*Exercise instructions*:
From the entries that follow, reproduce exactly and only the lines from the line with "Los tesoros de la iglesia de San Pelayo" to the line with "Precxis outils dentaires", endpoints included.
[Opening Materials provided section]
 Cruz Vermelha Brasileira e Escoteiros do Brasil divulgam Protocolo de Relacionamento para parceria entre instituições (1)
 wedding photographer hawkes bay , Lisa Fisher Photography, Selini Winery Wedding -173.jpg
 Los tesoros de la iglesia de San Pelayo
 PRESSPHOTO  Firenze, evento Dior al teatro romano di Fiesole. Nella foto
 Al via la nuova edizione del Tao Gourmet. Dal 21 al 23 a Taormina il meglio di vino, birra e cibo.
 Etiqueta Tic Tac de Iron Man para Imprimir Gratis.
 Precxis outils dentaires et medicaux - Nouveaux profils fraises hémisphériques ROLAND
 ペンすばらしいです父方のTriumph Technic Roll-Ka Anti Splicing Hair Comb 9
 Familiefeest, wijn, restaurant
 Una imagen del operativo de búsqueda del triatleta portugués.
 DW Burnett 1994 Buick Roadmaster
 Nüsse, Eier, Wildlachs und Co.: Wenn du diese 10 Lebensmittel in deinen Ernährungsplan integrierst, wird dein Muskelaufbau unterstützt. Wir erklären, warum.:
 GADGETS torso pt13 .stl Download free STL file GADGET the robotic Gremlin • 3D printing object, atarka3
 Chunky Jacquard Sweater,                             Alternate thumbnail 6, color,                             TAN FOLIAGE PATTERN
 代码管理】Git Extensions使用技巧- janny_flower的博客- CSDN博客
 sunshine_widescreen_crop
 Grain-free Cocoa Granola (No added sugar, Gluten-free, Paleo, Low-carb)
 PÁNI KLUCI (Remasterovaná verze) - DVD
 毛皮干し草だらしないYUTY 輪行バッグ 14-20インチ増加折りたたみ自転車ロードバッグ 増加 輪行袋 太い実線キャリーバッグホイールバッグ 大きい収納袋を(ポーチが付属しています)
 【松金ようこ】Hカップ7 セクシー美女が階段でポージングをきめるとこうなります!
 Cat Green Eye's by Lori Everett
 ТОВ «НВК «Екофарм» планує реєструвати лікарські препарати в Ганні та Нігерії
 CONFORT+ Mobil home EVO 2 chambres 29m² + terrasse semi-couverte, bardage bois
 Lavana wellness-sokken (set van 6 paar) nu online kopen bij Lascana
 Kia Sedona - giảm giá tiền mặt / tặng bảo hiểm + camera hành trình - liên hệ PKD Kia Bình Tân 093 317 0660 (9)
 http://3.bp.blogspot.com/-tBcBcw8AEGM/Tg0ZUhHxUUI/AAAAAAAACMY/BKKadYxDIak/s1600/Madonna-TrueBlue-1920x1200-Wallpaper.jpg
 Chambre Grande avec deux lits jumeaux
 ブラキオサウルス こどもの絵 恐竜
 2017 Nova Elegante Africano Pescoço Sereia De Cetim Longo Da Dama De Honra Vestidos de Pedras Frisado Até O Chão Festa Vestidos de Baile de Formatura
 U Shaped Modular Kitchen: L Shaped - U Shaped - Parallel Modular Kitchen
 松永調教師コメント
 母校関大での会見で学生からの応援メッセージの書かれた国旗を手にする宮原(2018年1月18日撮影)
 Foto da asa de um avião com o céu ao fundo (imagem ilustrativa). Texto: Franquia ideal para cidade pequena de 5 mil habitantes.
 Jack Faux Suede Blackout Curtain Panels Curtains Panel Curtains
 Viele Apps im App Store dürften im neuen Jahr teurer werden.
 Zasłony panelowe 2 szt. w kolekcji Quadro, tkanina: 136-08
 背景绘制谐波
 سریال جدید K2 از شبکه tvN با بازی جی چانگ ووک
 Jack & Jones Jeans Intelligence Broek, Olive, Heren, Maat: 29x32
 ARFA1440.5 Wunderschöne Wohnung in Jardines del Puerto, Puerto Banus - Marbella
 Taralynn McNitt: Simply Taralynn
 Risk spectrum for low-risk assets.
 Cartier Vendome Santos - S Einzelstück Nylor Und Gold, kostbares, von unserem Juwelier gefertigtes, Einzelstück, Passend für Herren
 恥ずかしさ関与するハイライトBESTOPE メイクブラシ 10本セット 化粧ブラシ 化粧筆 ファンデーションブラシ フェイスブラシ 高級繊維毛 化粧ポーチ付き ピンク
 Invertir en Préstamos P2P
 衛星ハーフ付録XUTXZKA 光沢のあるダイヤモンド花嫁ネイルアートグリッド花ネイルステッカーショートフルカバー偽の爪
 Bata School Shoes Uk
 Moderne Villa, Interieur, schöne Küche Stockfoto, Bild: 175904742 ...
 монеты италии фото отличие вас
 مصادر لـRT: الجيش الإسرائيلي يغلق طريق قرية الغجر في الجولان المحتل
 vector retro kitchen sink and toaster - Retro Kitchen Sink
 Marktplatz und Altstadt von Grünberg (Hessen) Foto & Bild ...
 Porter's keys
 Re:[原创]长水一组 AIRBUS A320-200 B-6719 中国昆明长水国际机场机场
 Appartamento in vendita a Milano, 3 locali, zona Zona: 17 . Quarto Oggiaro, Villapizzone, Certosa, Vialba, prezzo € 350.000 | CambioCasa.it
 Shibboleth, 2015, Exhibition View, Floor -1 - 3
[Closing Materials provided section]
*Solution below*:
 Los tesoros de la iglesia de San Pelayo
 PRESSPHOTO  Firenze, evento Dior al teatro romano di Fiesole. Nella foto
 Al via la nuova edizione del Tao Gourmet. Dal 21 al 23 a Taormina il meglio di vino, birra e cibo.
 Etiqueta Tic Tac de Iron Man para Imprimir Gratis.
 Precxis outils dentaires et medicaux - Nouveaux profils fraises hémisphériques ROLAND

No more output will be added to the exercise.